10 Tips to Help You Develop Your Meditation Practice

“Consider meditation an investment in your daily productivity.”

Unlike some challenges, daily meditating requires no physical exertion or dietary discipline. You don’t have to drop and do twenty, look the other way at an alluring cinnamon bun, or say no to an appealing glass of pinot. All you have to do is sit quietly for twenty minutes. But I get it: this is still a huge hurdle for many— and it’s not necessarily because we’re all so busy.

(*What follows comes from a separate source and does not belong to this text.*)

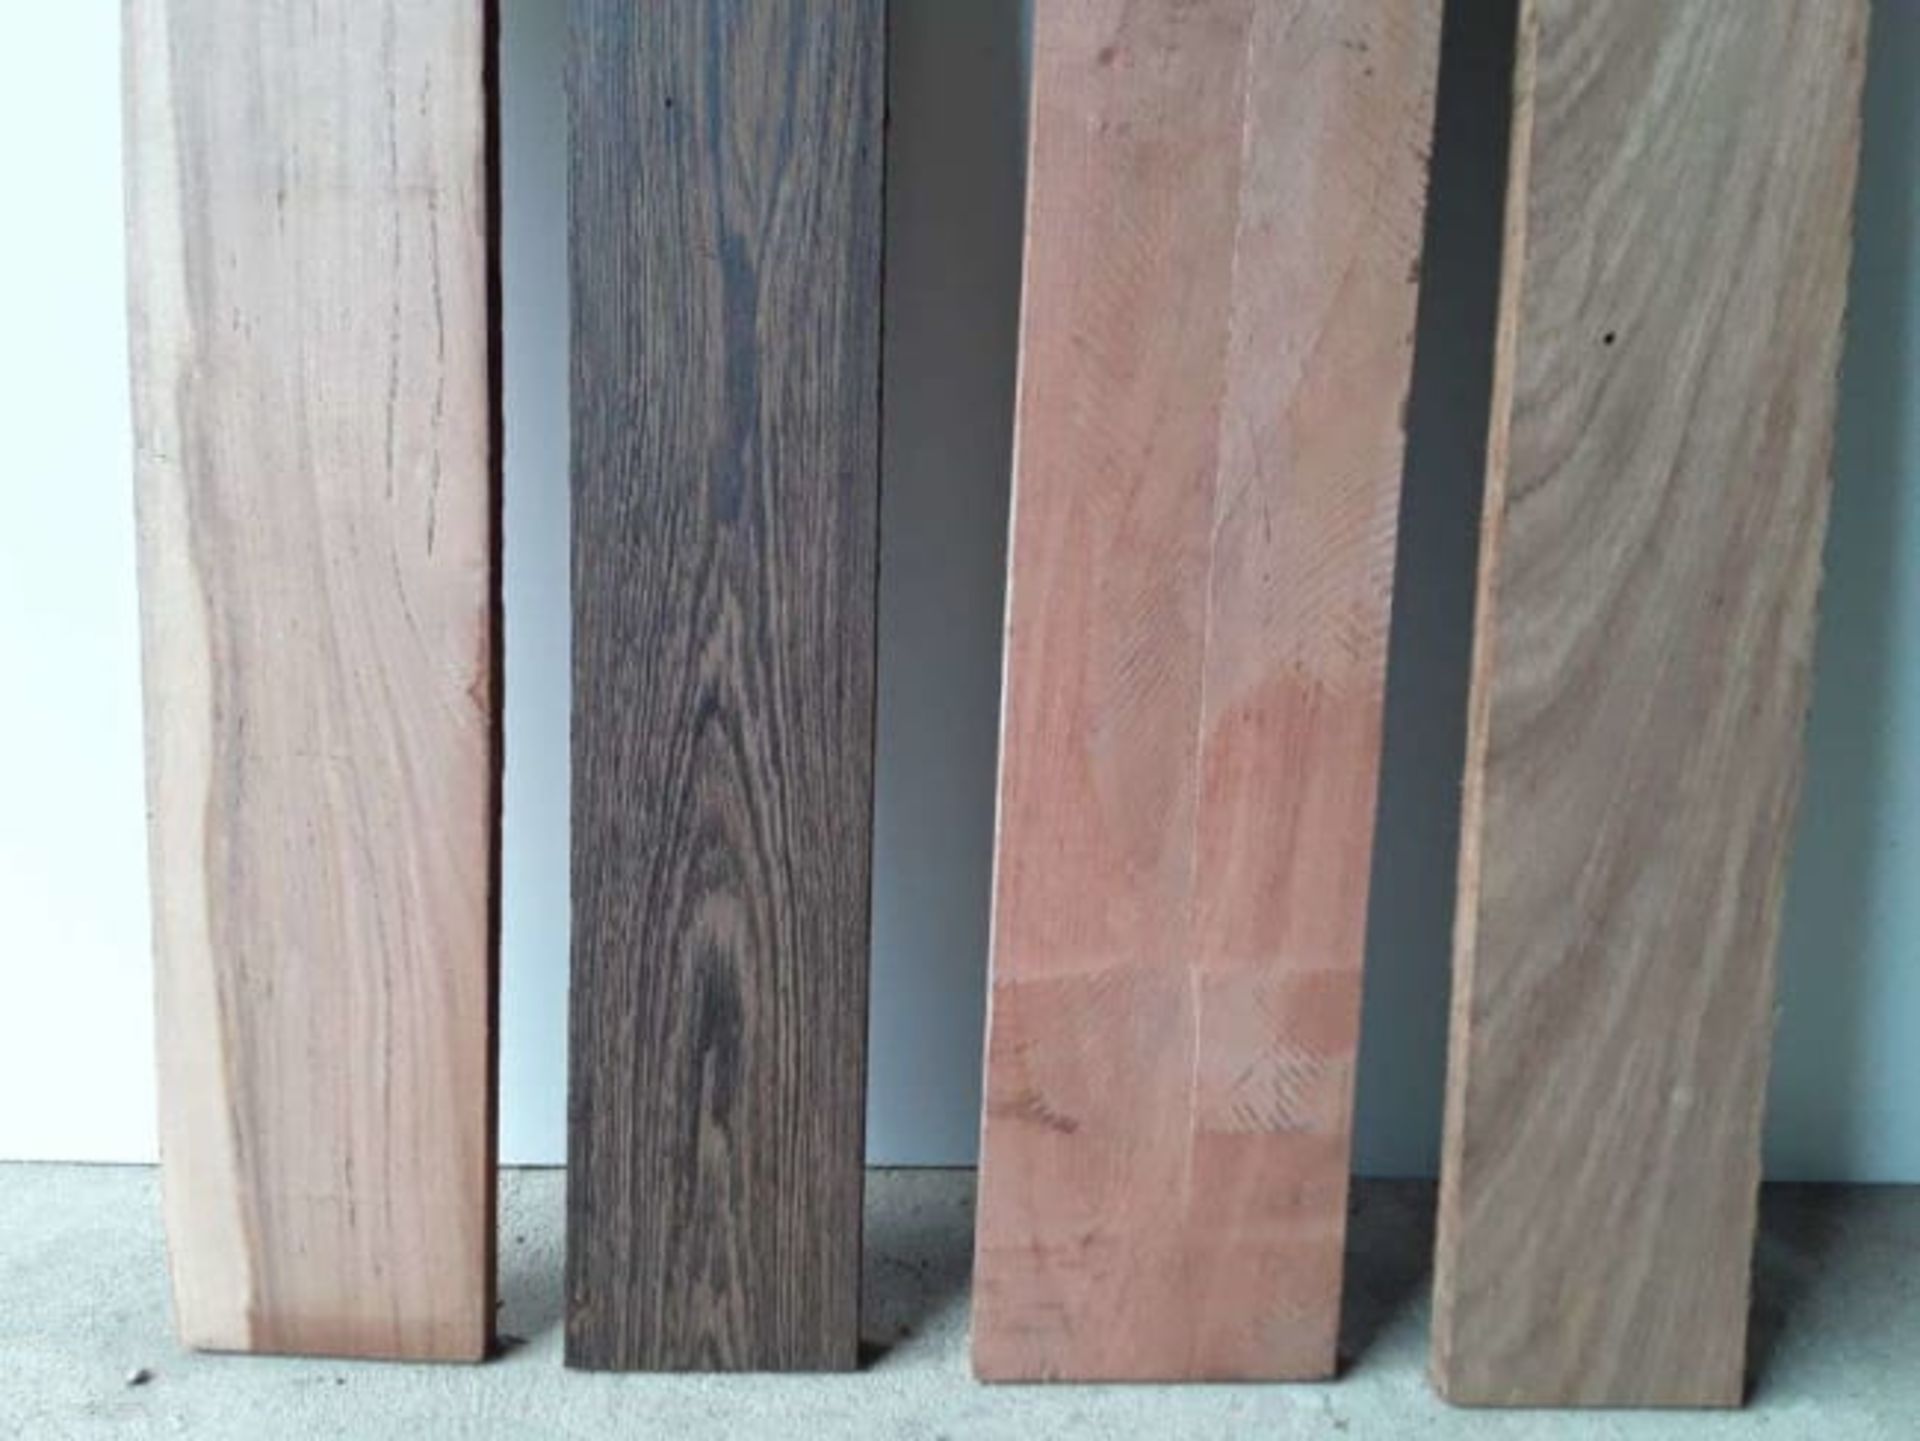 4 x Hardwood Kiln Dried Tropical African Mixed Timbers Rosewood, Panga Panga, Wild Mango, Kiaat - Image 3 of 3

Here are ten ways to make meditation part of your day, whether you’ve never practiced before or have been a yogi all your life.

1. FIND THE RIGHT KIND OF MEDITATION FOR YOU.

Transcendental meditation fits my personality, lifestyle, and mood the best, but that doesn’t mean it’s the right type for you. There are dozens of ways to practice, so talk with friends, do some research, and look online. You may even want to experiment first with a meditation app like Headspace, Buddhify, or Calm, all of which can expose you to different forms of the practice so you can see what works best for you. Some gyms and fitness centers also offer meditation classes, or if you’re type A like me, look for courses at your local university or spiritual center. There are also many online courses you can take— just be sure to do a little research first to make sure you go with a reputable site.

2. LEARN HOW TO CHANGE YOUR HEADSPACE.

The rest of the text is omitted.